The issue here is moral relativism. If people are being taught that nothing is absolute, and everything is equally valid, then yes, that protects them from bigotry. But what proponents of this approach forget is that if nothing is wrong then by consequence nothing is right either. And that is a VERY dangerous line of thinking to have instilled, either in the body spiritual or the body politic. What this article is really getting at is how far our culture has moved along that road already. You can bet your bottom dollar no mosque is teaching that Islam may not be the only truth.
Of course, even moral relativists do have absolutes - its just that their absolutes are different. They believe absolutely in tolerance and equality, after all :)

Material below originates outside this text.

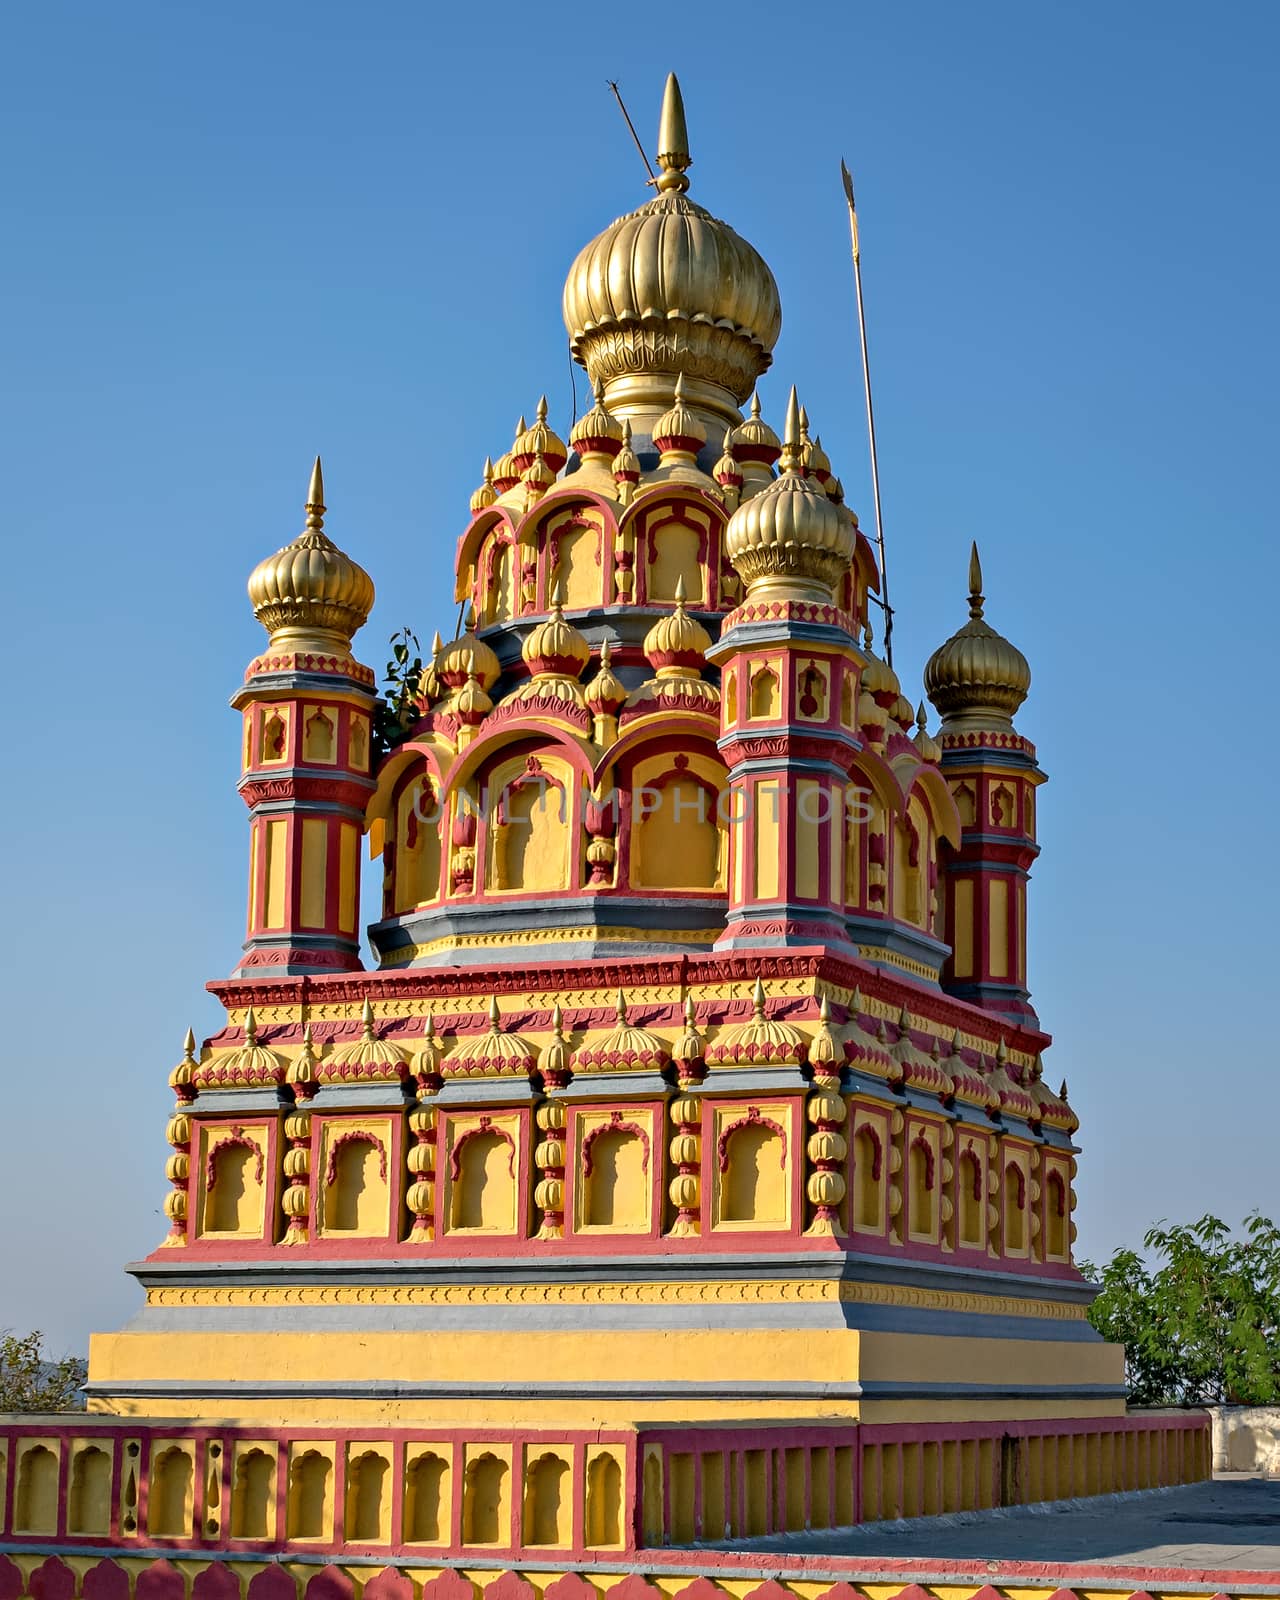 Colorful dome of oldest heritage structure in Pune - Parvati temple on a clear blue sky background on Parvati hill, Pune.
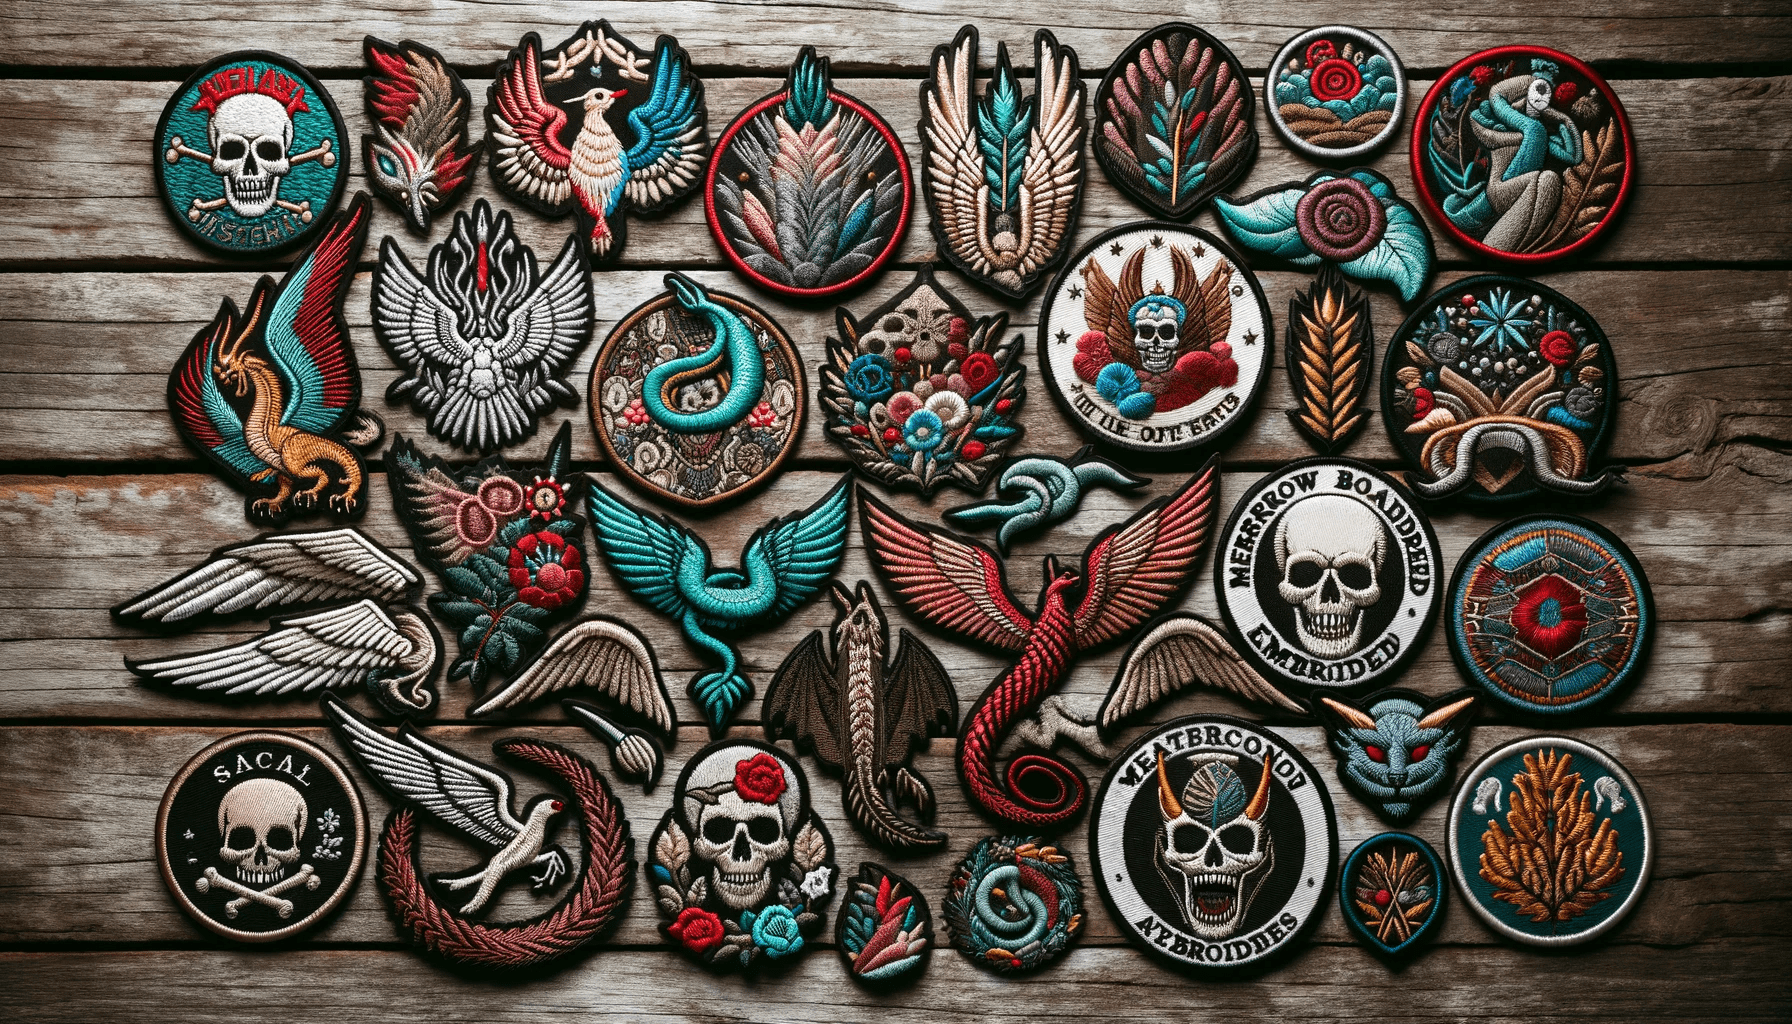 Woven Patches vs Embroidered Patches

A statement about truth is one which is wrong or right in a sense utterly independent of humanity. To say “Buddhism is correct” is a truth statement, even if it is wrong. To say “Buddhism is great” is not a truth statement.
God save your souls.
I had a conversation with someone recently (a 30 year old woman) who had no religious upbringing. But, she was telling me all about how she believes “a little of this” and “a little of that.” Basically, she takes what she wants from different religions and makes up the rest. Then she teaches it to her son. Well, I gently pointed out to her that those religions that she was picking and choosing from were in direct contradiction with each other and that it really was not possible to take what you want from a particular religion and mix it with another since the individual religions don’t allow for that. Then, for an example, I told her that Jesus said, “I am the way, the truth and the life. No one comes to the Father but through me” and she was stunned. “HE SAID THAT???” She didn’t know that and was very surprised. I told her that you can’t be a Christian and believe that other religions are valid. You should have seen the lightbulbs go off in her head.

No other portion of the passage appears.